John O’Groats

After a short ride in sea haar, I arrived at John O’Groats. In the same way as Land’s End, I am not quite sure why it has gained its popularity – all a bit tawdry – however the compulsory photo at the signpost was required – no professional photographers here and you’ll note the post is covered in stickers. John O’Groats harbour is rather fine though – geared for crustacean fishing in the extreme conditions of the Pentland Firth.

John O’Groats harbour

John O’Groats is named after a Dutchman, Jan de Groot (John the large!) who used to run the ferry service to Orkney from here. Jan would have needed to be large to handle the fast flowing Pentland Firth tidestreams just offshore here. I took the modern ferry across – spending the whole trip on deck watching seabirds. The fog was pretty bad, nevertheless there were many auks (mostly guillemots) in the southern part of the Firth. I was very pleased to spot my first black guillemot (or tysties) – and knew at that point that Burwick on South Ronaldsay must be close; tysties really only occur very coastally. Sure enough, Orkney came out of the mist a few second later.

Tysties (black guillemots) – probably my favourite northern hemisphere seabird
The Churchill Barriers were constructed between the islands on the east of Scapa Flow, Orkney to deter further U-boat incursions to this important naval base. They will have changed the tidal flow between the North Sea and the Atlantic. To me they now make the perfect opportunity to harness tidal power if they were to be partially re-opened. Note the haar conditions that persisted on eastern Orkney all day yesterday
There should be more roadside verges like this everywhere – well done Orkney
Lunch was eaten opposite the St Magnus Cathedral in Kirkwall – constructed of red sandstone

I came to Orkney in 1983 during a slight hiatus in the work on seabirds at sea.
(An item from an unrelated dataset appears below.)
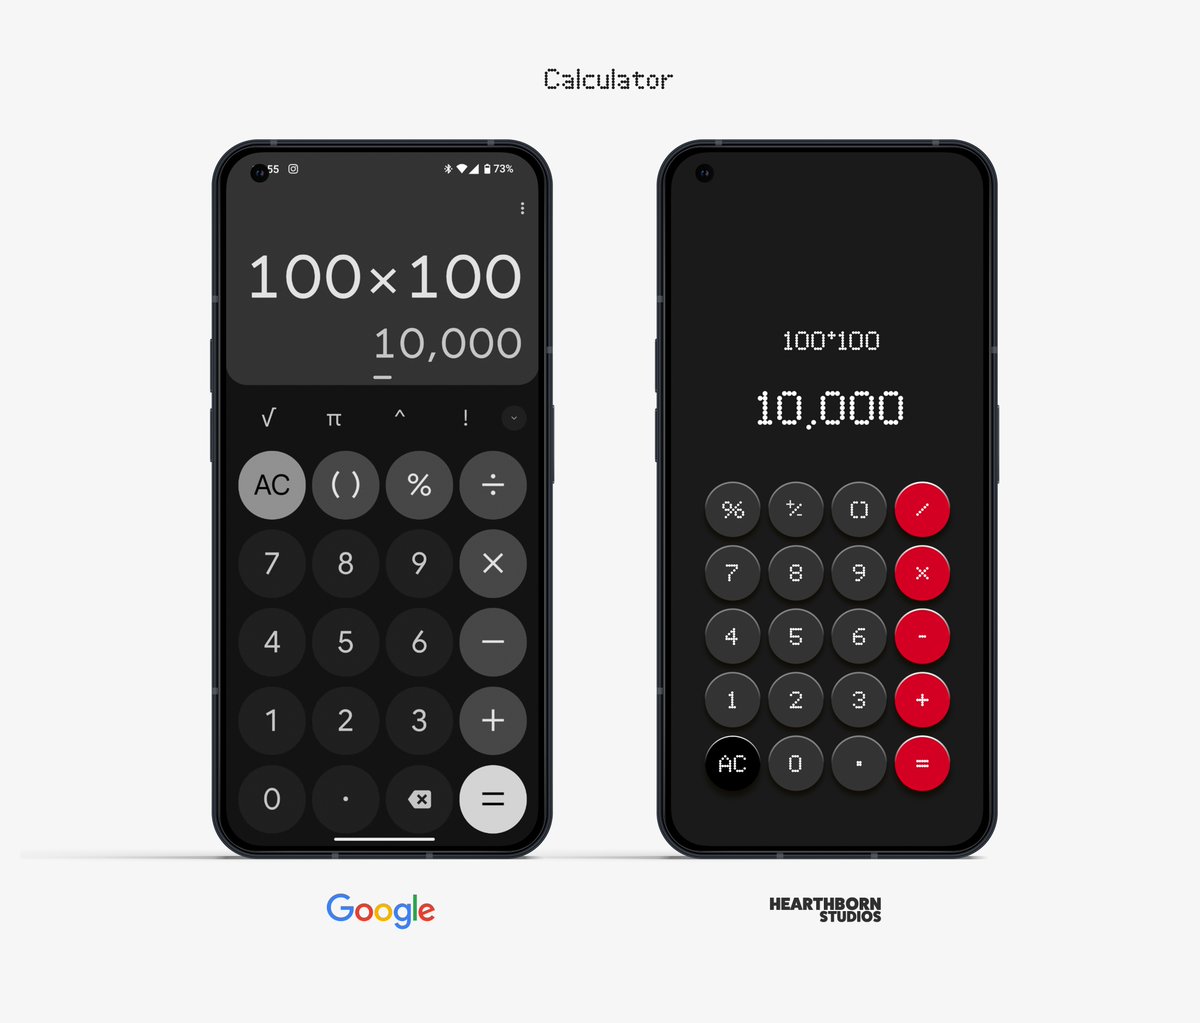 N Calc: Let's make Calculators fun again!

@nothing #nothing #apps #android #appdev #ui #ux #calculator #androidcommunity #nothingcommunity #minimal #nothingphone #nothingphone2 #nothingphone1

I got a small grant initially to count black guillemots around Orkney. My friend, Pete Ewins, working in Shetland had suggested that the most reliable time to count this well-dispersed species was early morning during April. At this time the adults gather to display on or on the water just off their breeding sites. I took my bike (an earlier Dawes) and tent, along with the Seabirds at Sea Team inflatable boat and went to Orkney. Coastal sections of Mainland were counted by walking (often running) before about 0900, after which I would return to the tent, strike camp and cycle to the next section to be counted. If I could find a volunteer, we would take the inflatable and either count a longer section of coast, or visit an offshore island.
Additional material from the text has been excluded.